The perplexity referred to in the verse above is limited to the land and people related to that particular generation (Luke 21:32). Houston, Florida and the Caribbean in this scripture! It’s a local event of the first century A.D. Who are the people that would be led away captive? These were people living in Jerusalem, not the world. It was the city of Jerusalem, not the world, that “shall be trodden down of the Gentiles.” Some would point to the expression “coming on the earth.” This phrase is very misleading and inaccurate in the KJV. First, the Greek word “kosmos” is not used. The Greek word used in Luke 21:26 is “oikoumene”. This word specifically refers to the “Roman Empire” or the “inhabited earth.” Or in other words the “world” in the days of Jesus. So Luke chapter 21 refers to a localized event.
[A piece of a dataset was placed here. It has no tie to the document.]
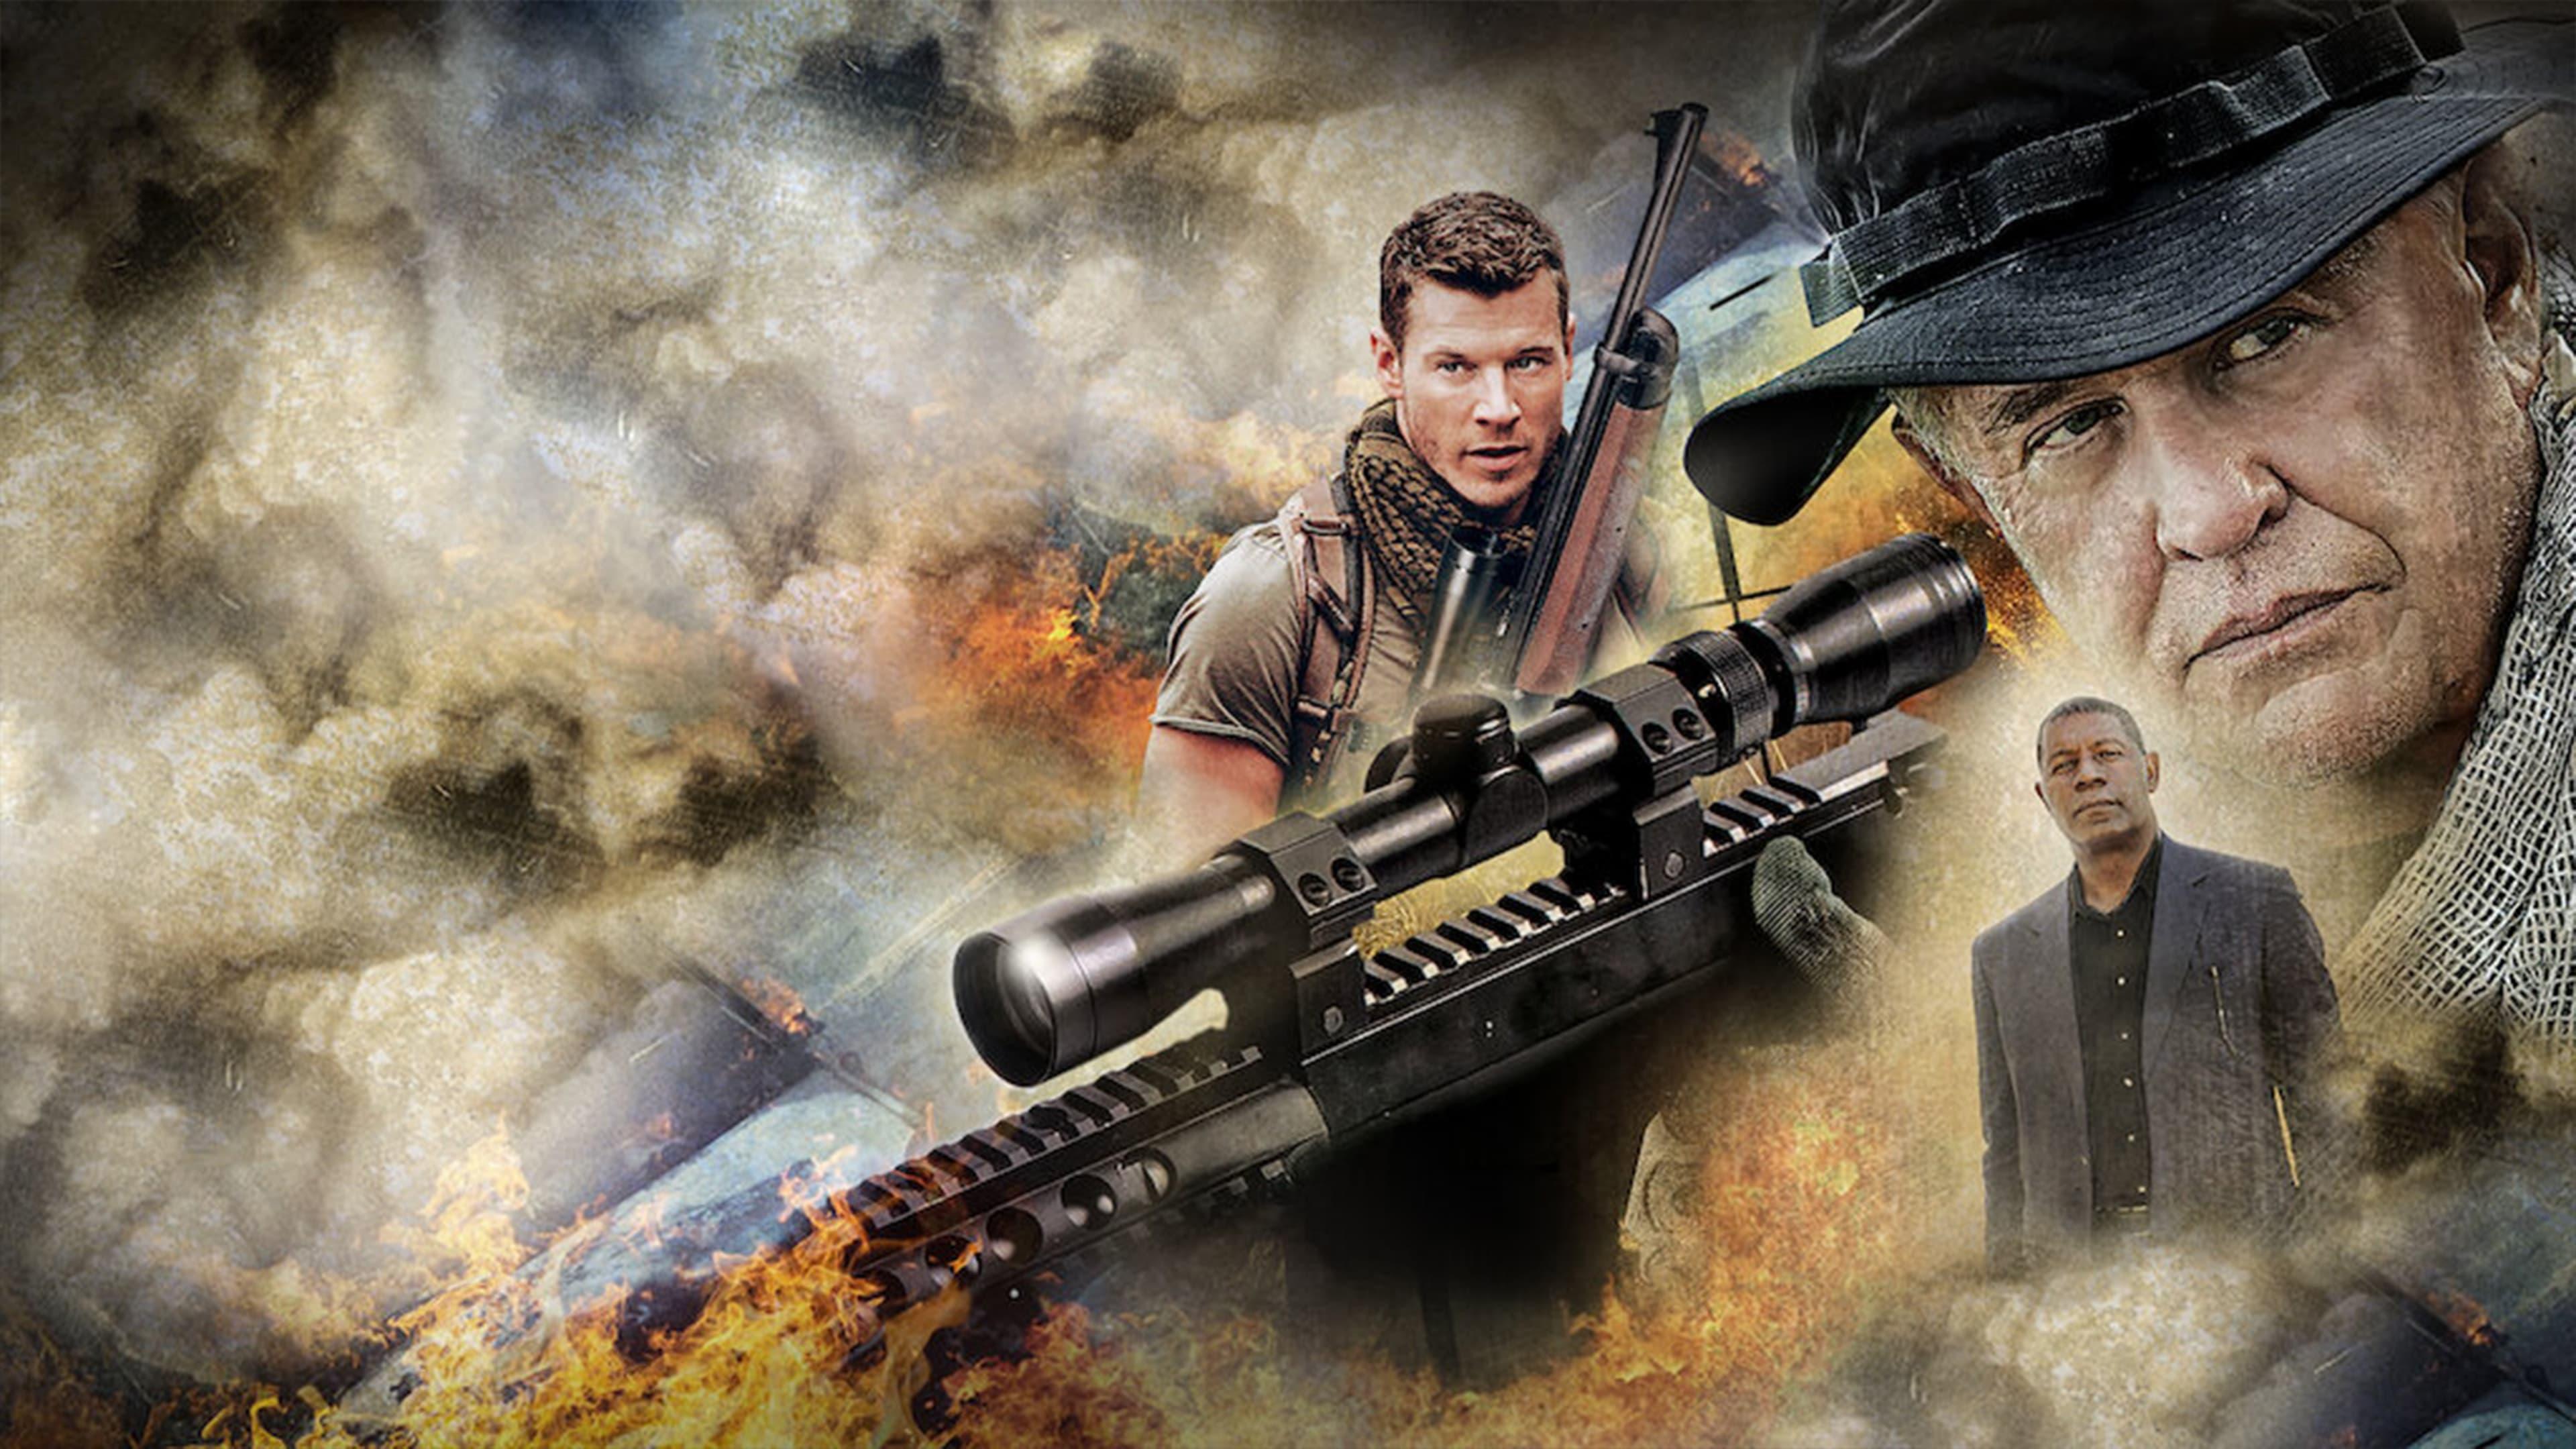 Sniper: Legacy backdrop
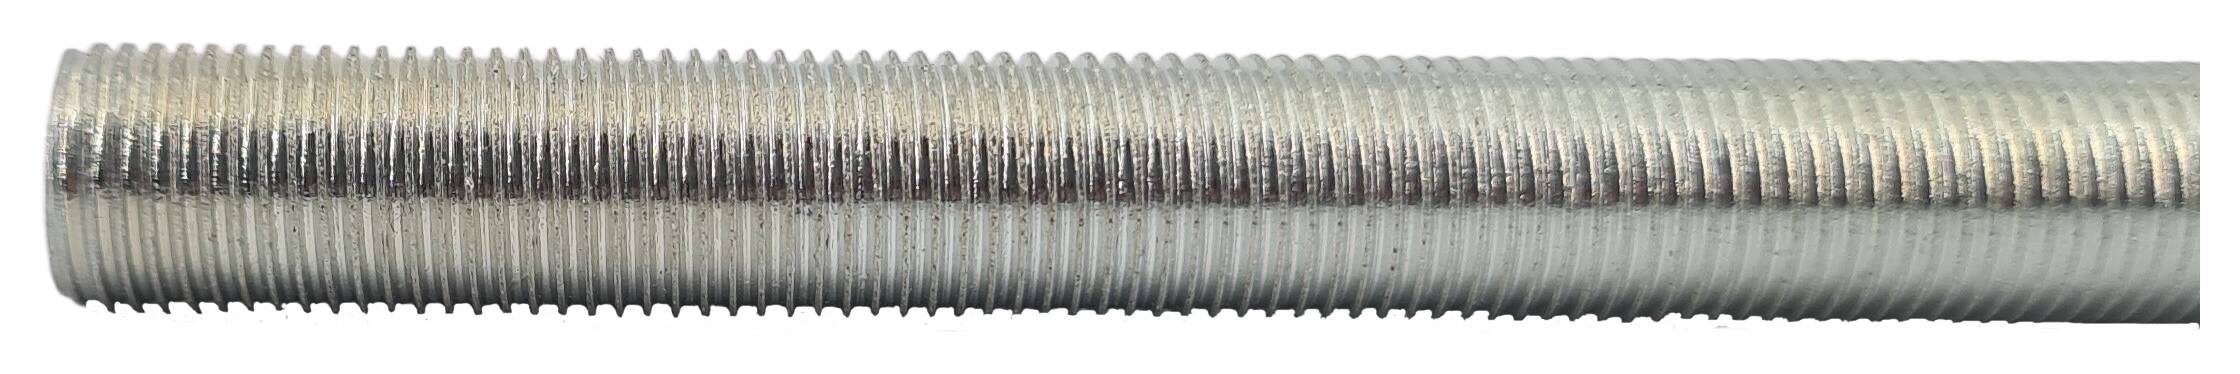 iron thread tube M10x1x385 round zinc

There was a “one-world government” at that time in history. Rome was the “superpower” of that day. Rome used its swords and war machine against Jerusalem. The Jews were “led away captive into all nations” after the temple was destroyed in 70 A.D. This destruction was foretold by Jesus in Matthew 24:2 when he declared that “there shall not be left here one stone upon another, that shall not be thrown down.” The point is that Luke chapter 21 does not in any way refer to our day. The “sea and the waves roaring” was referring to the days of Jesus, NOT our day.
Taking scriptures out of their historical context and applying them to our day is a common mistake made by many Christians. Historically there have always been deadly weather events and earthquakes. Recent hurricanes and other severe weather events are NOT signs from God or some “end-time” judgment. Major weather events have always occurred historically, and they will continue to occur.